> INPUT DATA:
■ ■ ■ ■ ■ ■ ■
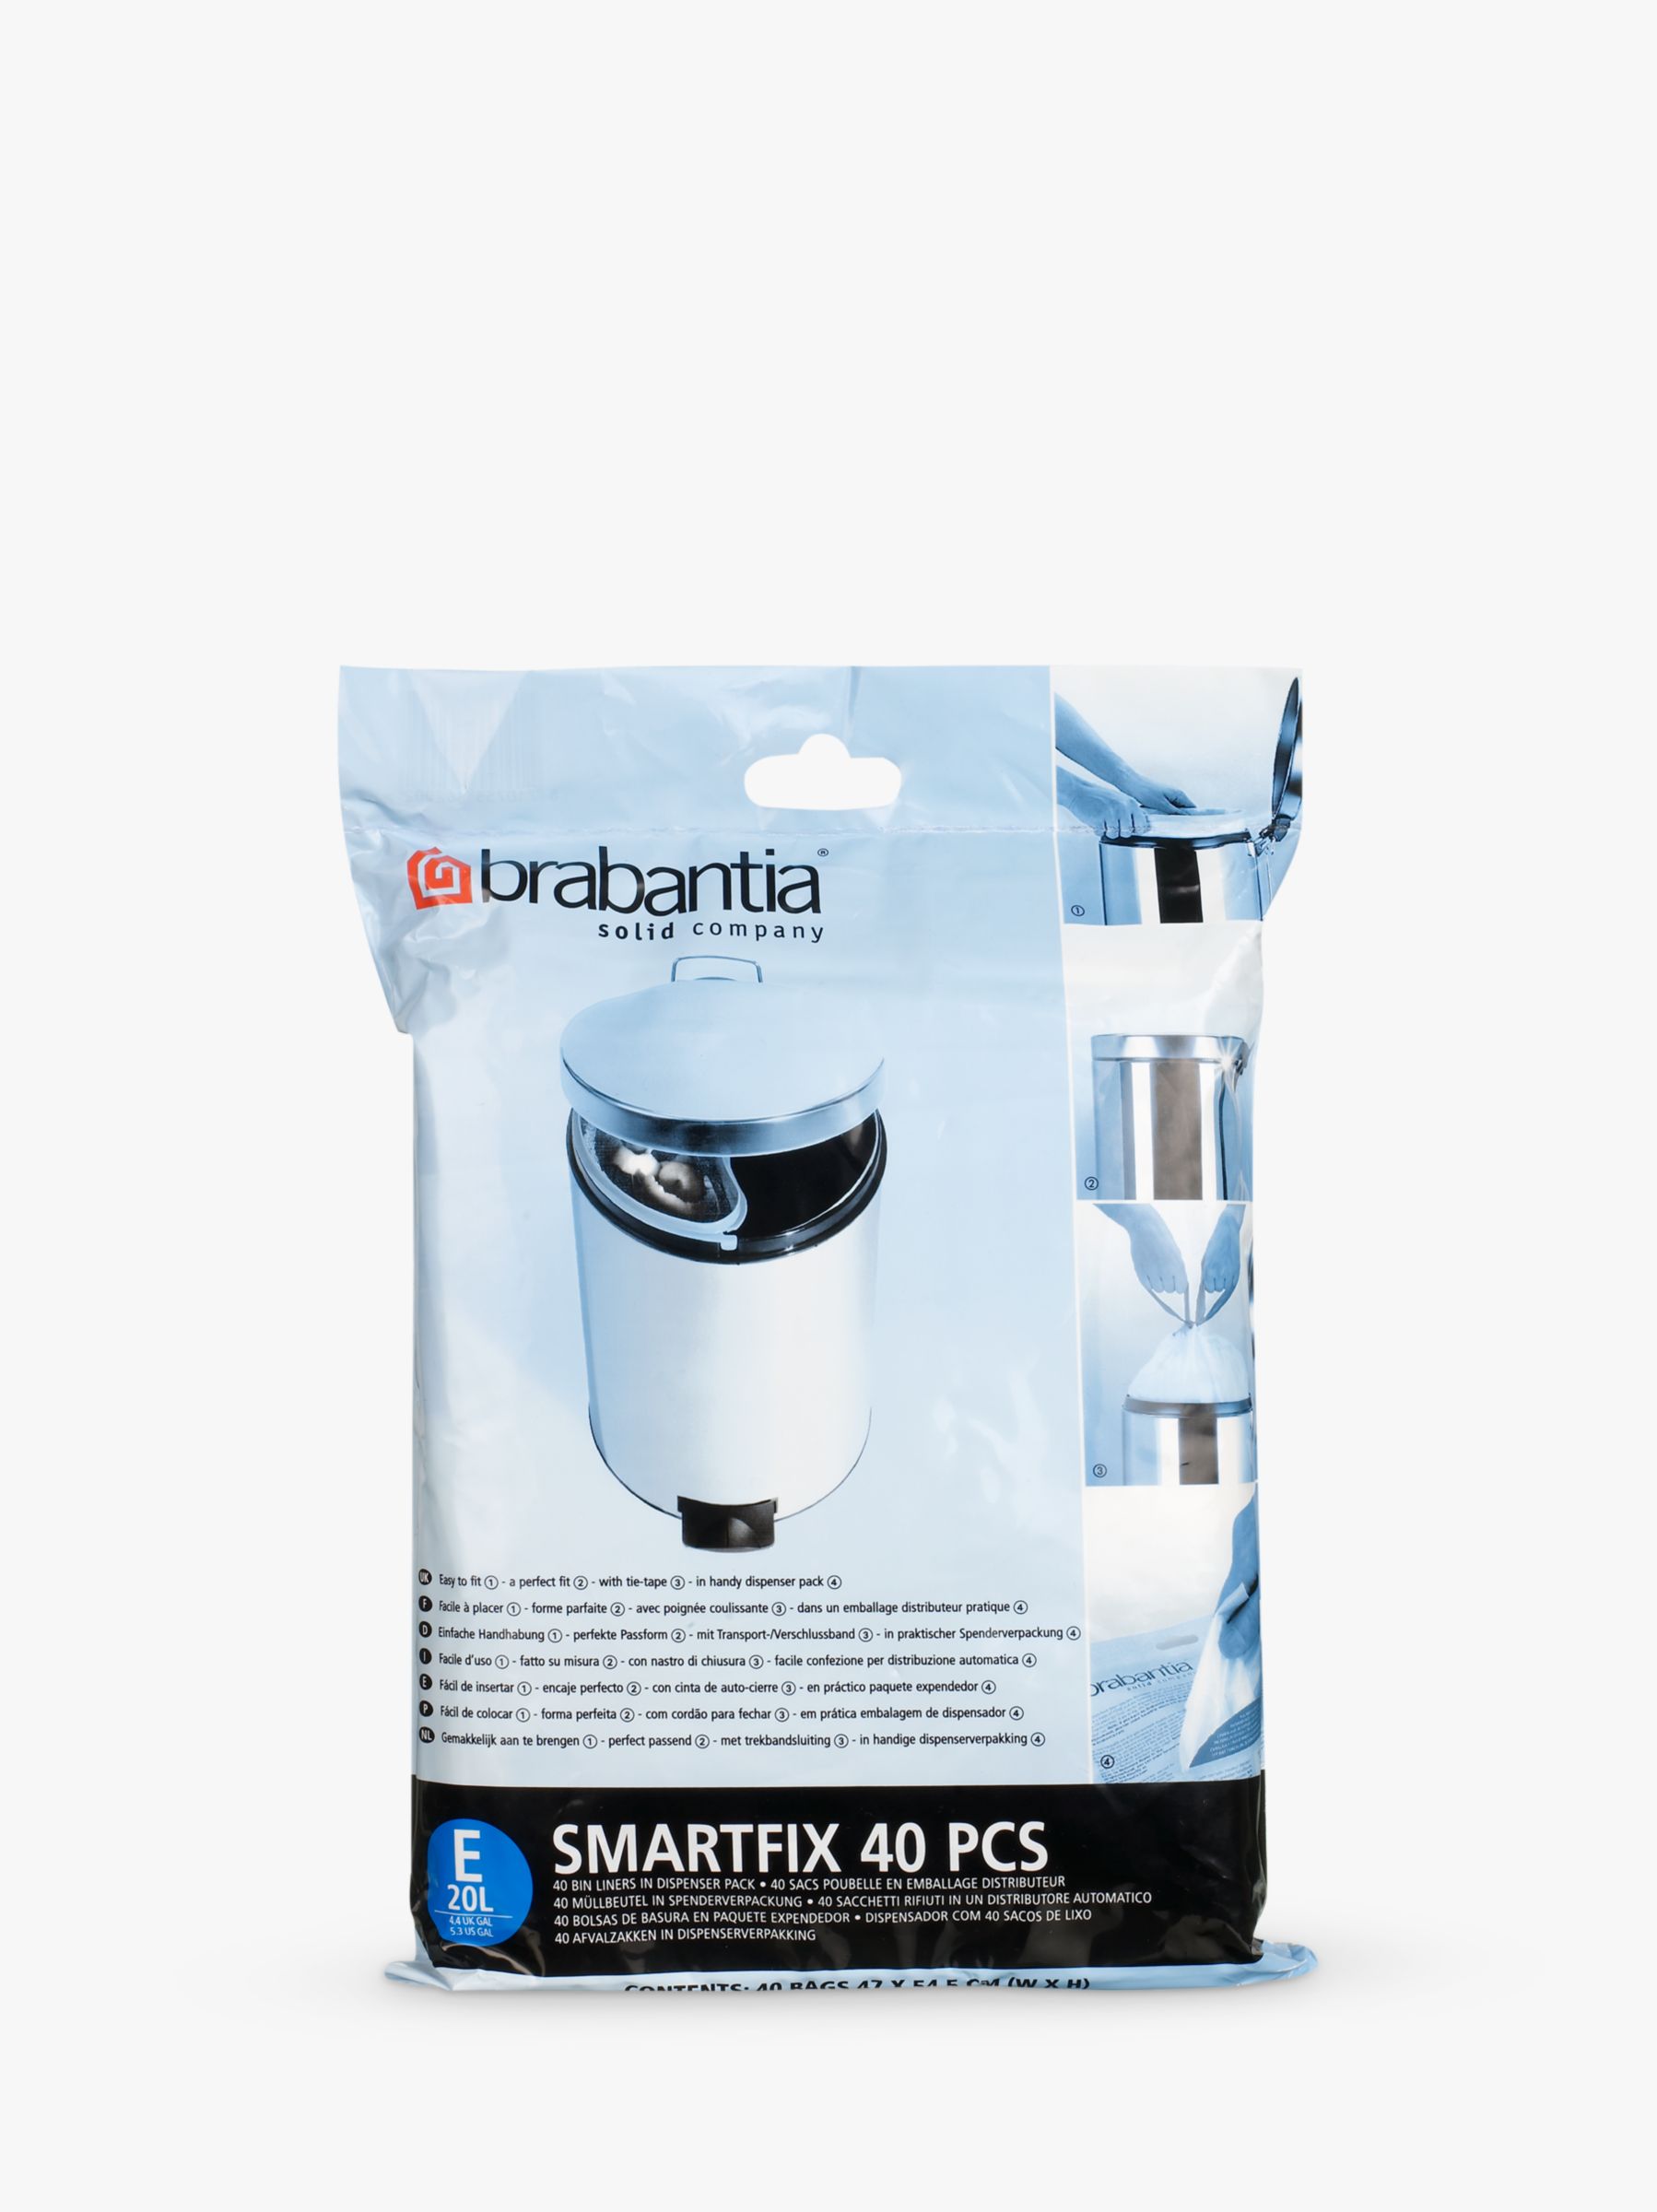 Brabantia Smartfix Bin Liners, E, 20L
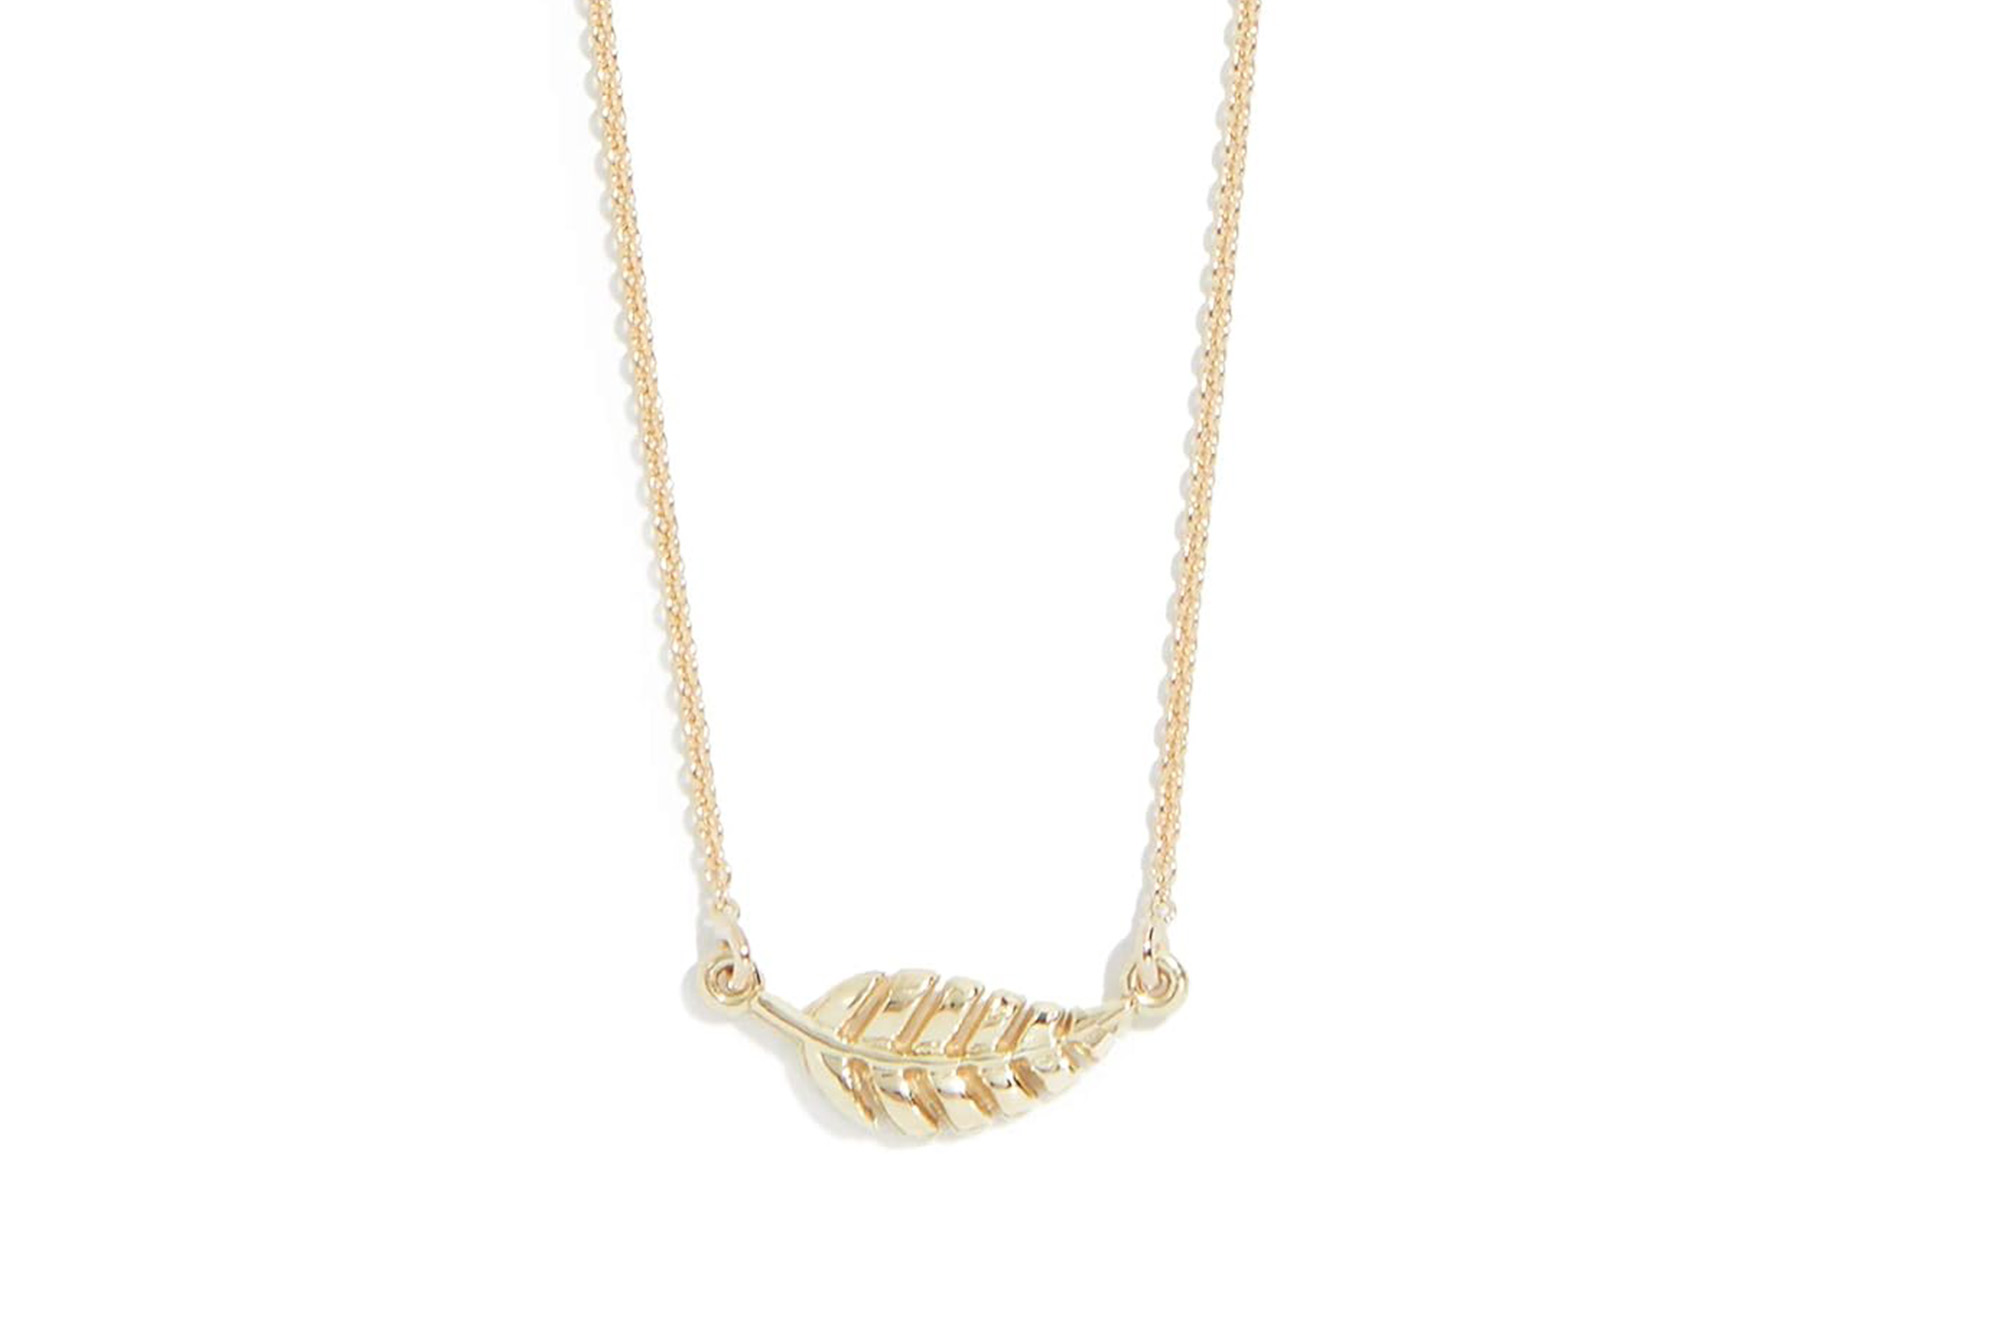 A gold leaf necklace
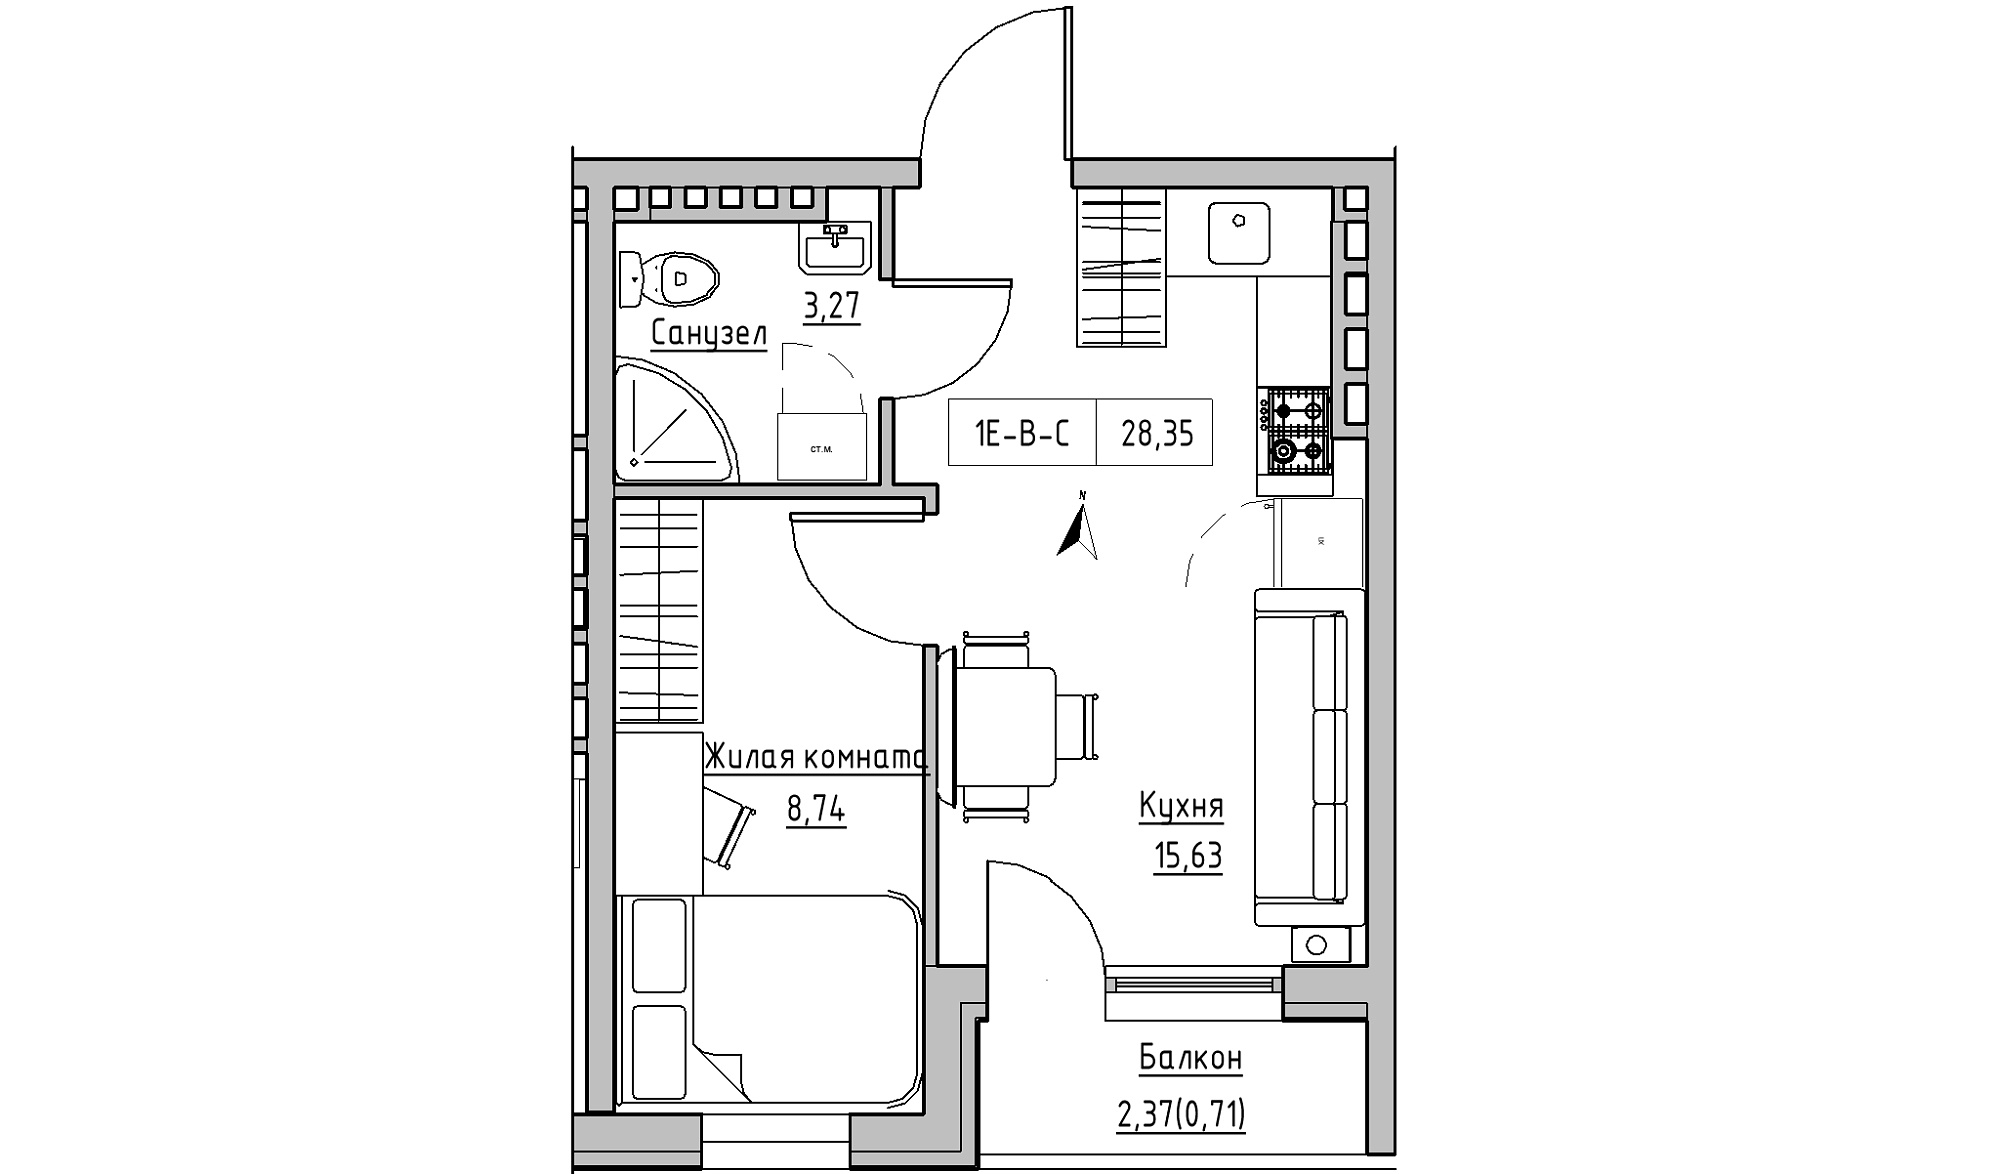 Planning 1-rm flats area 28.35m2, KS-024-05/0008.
■ ■ ■ ■ ■ ■ ■
> YOUR GOAL: Copy verbatim the span that opens at the line with "A gold leaf necklace" and closes at the final line of the listing. Do not carry over any pictures.

> OUTPUT OF THE EXERCISE:
 A gold leaf necklace
 Planning 1-rm flats area 28.35m2, KS-024-05/0008.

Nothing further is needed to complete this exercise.